2. Pod-to-Service Networking:

• Kubernetes introduces the concept of services to provide a stable endpoint for accessing a group of pods.
• Services act as an abstraction layer, allowing clients to access a logical service rather than individual pods.
• When a service is created, Kubernetes assigns it a Cluster IP, which serves as a stable virtual IP address for accessing the service.
• Requests made to the service's Cluster IP are automatically load-balanced to the underlying pods associated with the service.
• Pod-to-service networking allows pods to communicate with services within the same cluster, abstracting away the complexity of individual pod addresses and providing service discovery and load balancing.

3. External Communication:

• Kubernetes provides the ability for pods and services to communicate with resources outside of the cluster.
• Typically, each node in the cluster is assigned an external IP address that can be used for external communication.
• Kubernetes has several methods for externally exposing services, including NodePort, LoadBalancer, and Ingress.
• NodePort enables a service to be exposed across all nodes through a static port.
• LoadBalancer configures an external load balancer (for example, a cloud provider load balancer) to distribute traffic to the service.
• Ingress allows you to route external traffic to services depending on a variety of rules and configurations.
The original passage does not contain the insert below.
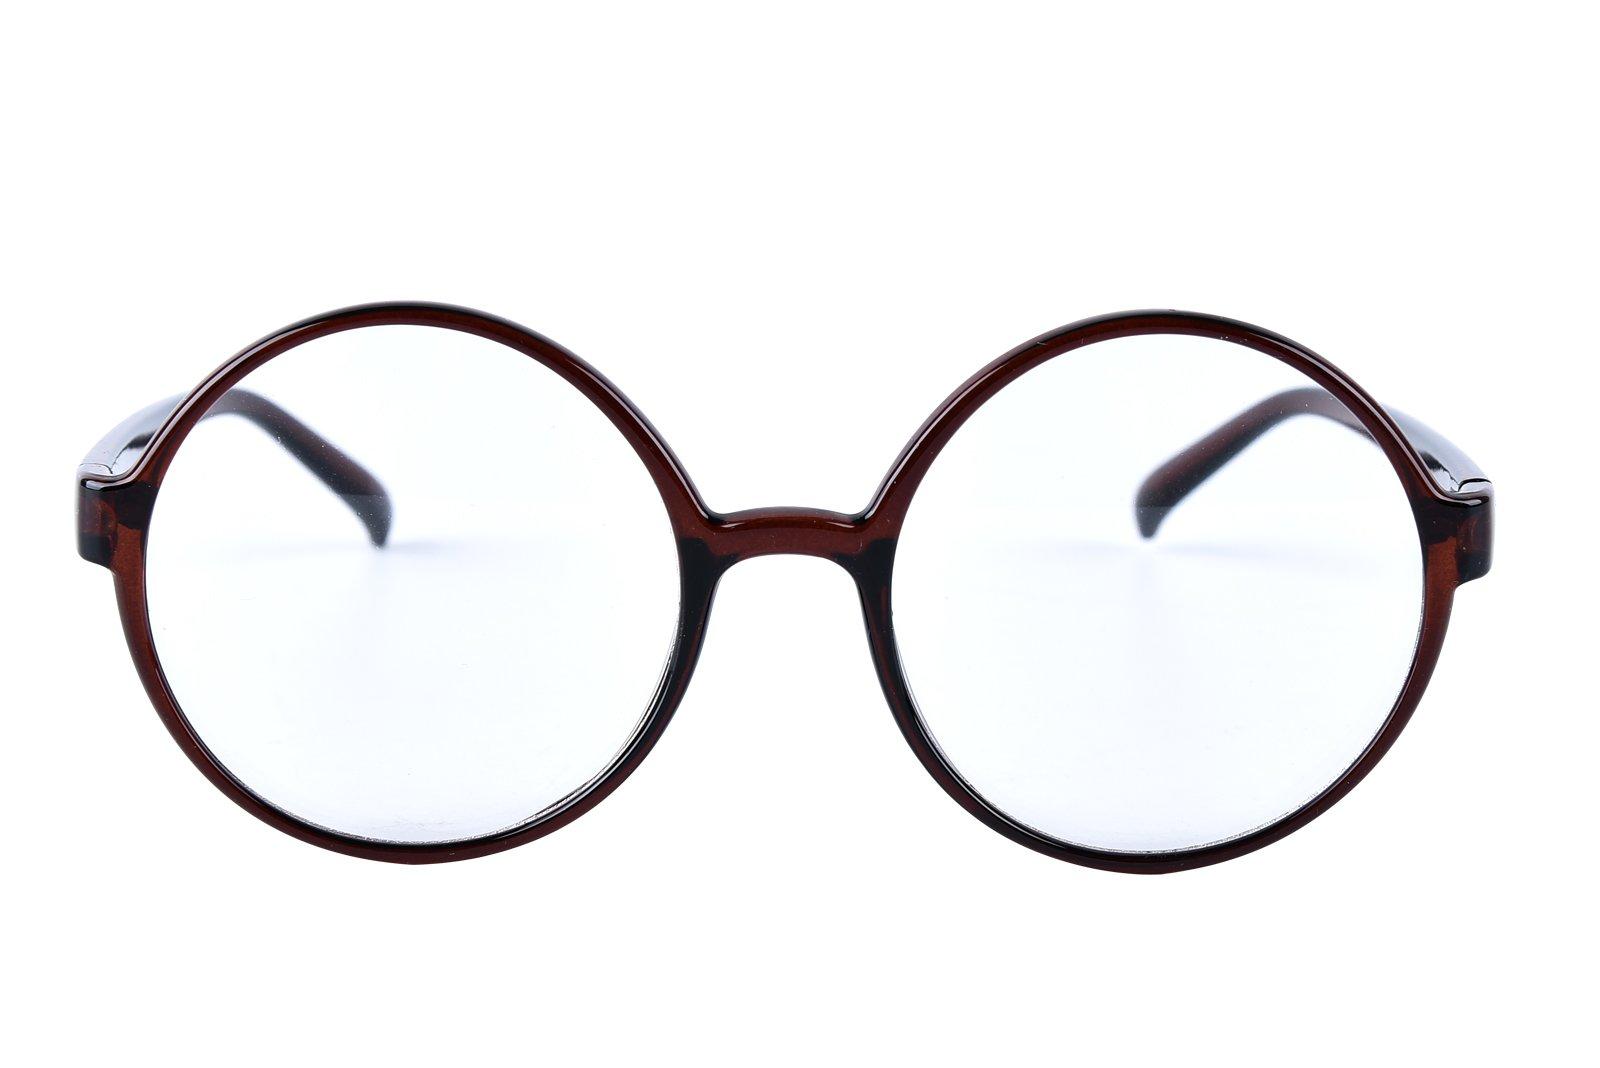 Agstum Retro Round Glasses Frame Clear Lens Fashion Circle Eyeglasses 52mm (Brown, 52mm) by Agstum

Kubernetes Networking with Calico

Calico's integration with Kubernetes offers strong networking and network policy features. Each pod is given a distinct IP address by Calico's flat, non-overlay networking paradigm, enabling direct communication. Due to its smooth integration with Kubernetes Network Policies, fine-grained access control is made possible. Within Kubernetes clusters, Calico guarantees scalability and high performance, streamlines network configuration, and improves security. For effective routing, it makes use of common Linux networking components and protocols. With Calico, enterprises can achieve durable, secure, and efficient networking for their containerized workloads in Kubernetes.